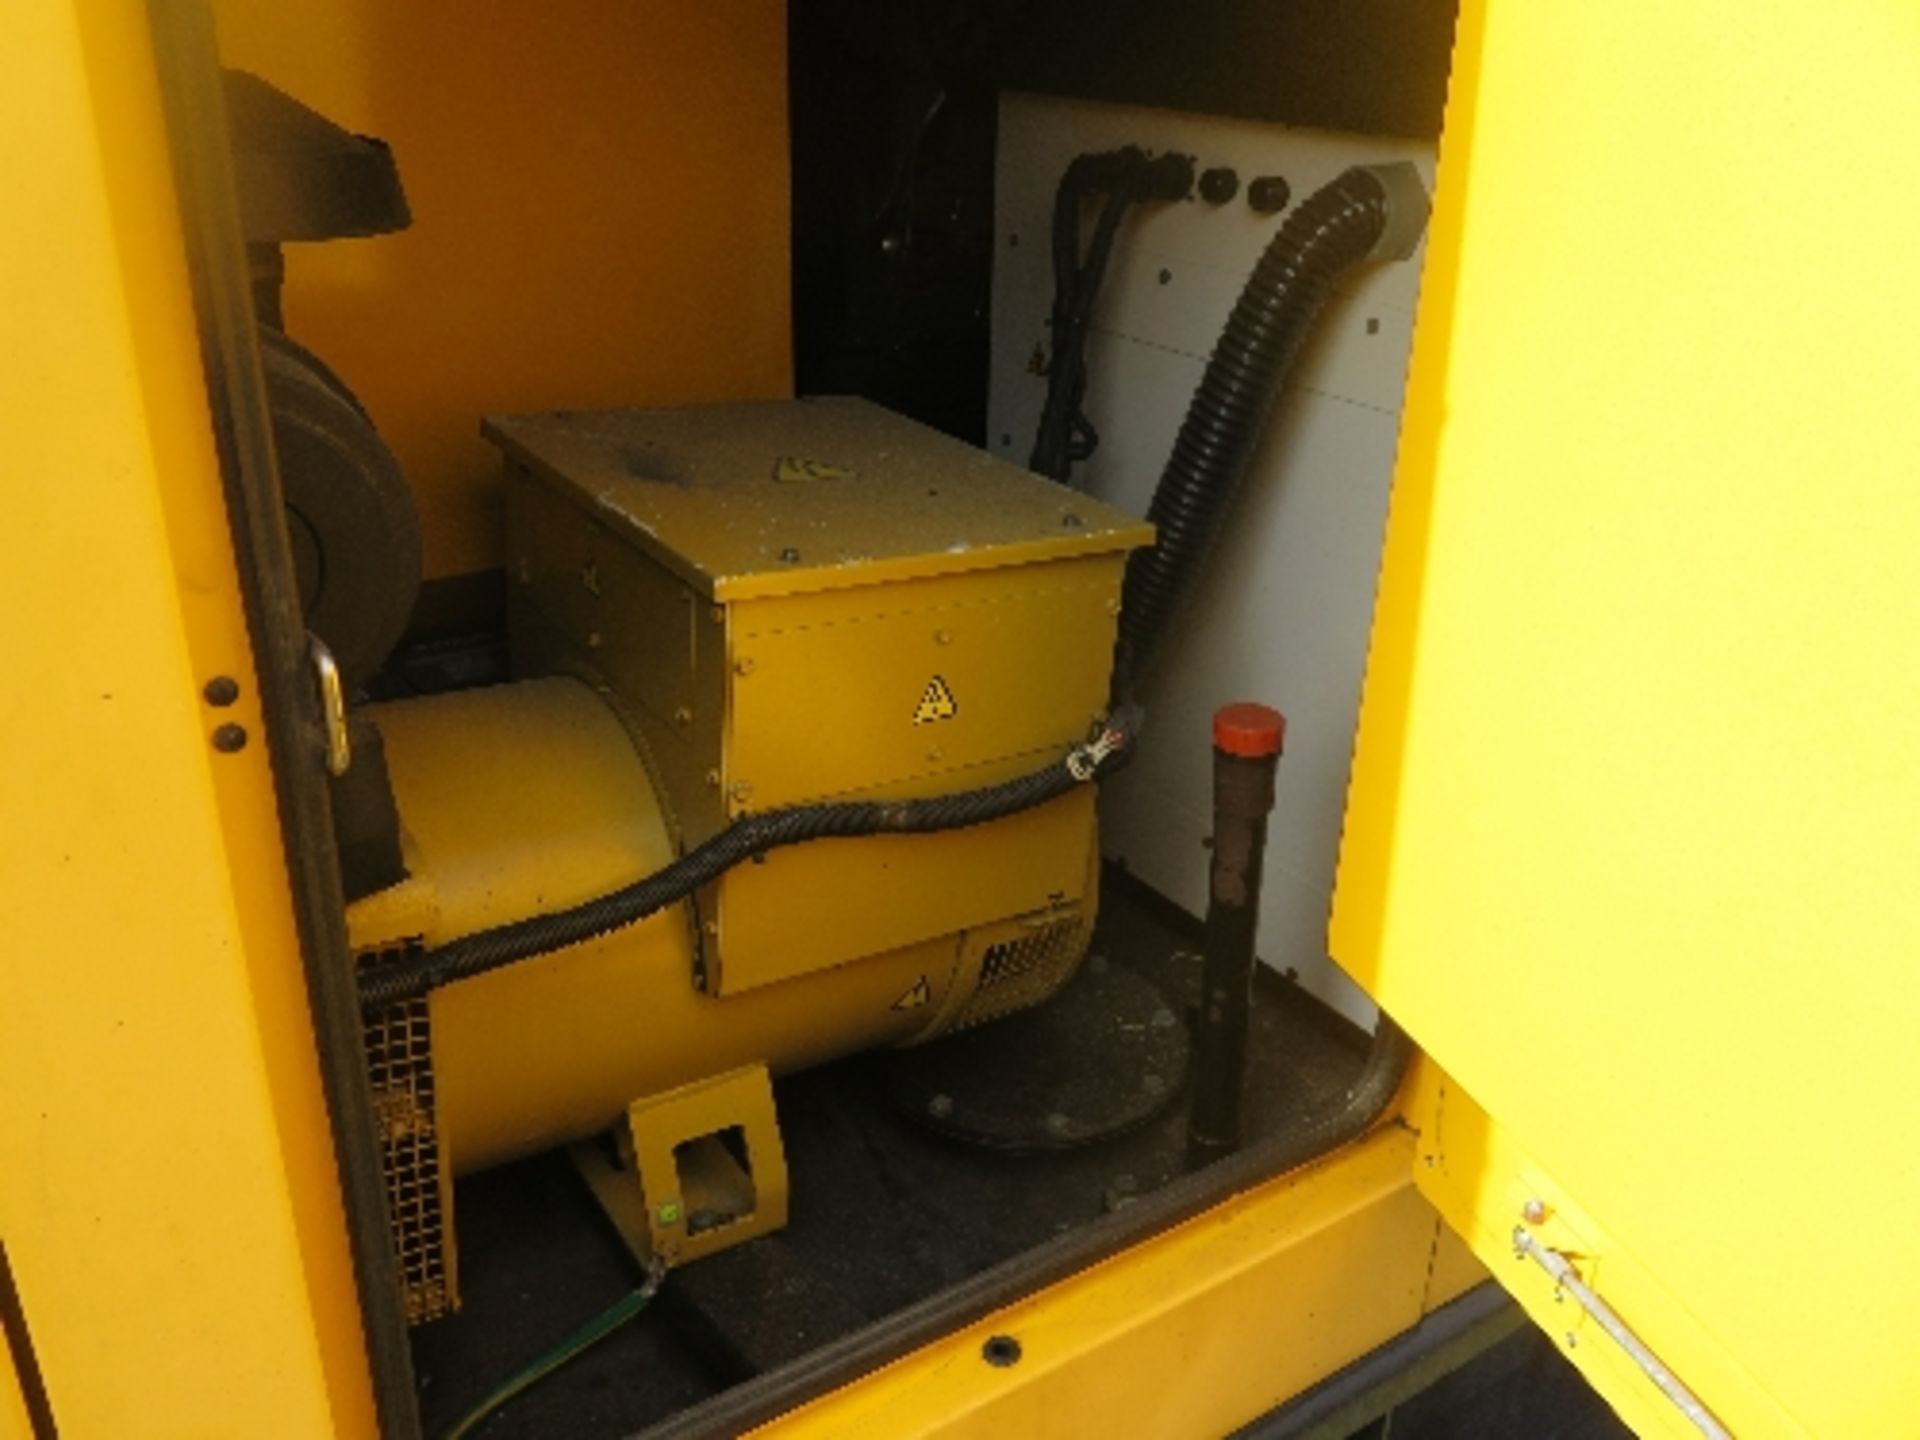 Caterpillar XQE80 generator 14819 hrs 157811
PERKINS - RUNS AND MAKES POWER
ALL LOTS are SOLD AS - Image 4 of 6

What to do: Pictures are to be left out; all other data must be returned exactly.

Output below:
 Caterpillar XQE80 generator 14819 hrs 157811
PERKINS - RUNS AND MAKES POWER
ALL LOTS are SOLD AS - Image 4 of 6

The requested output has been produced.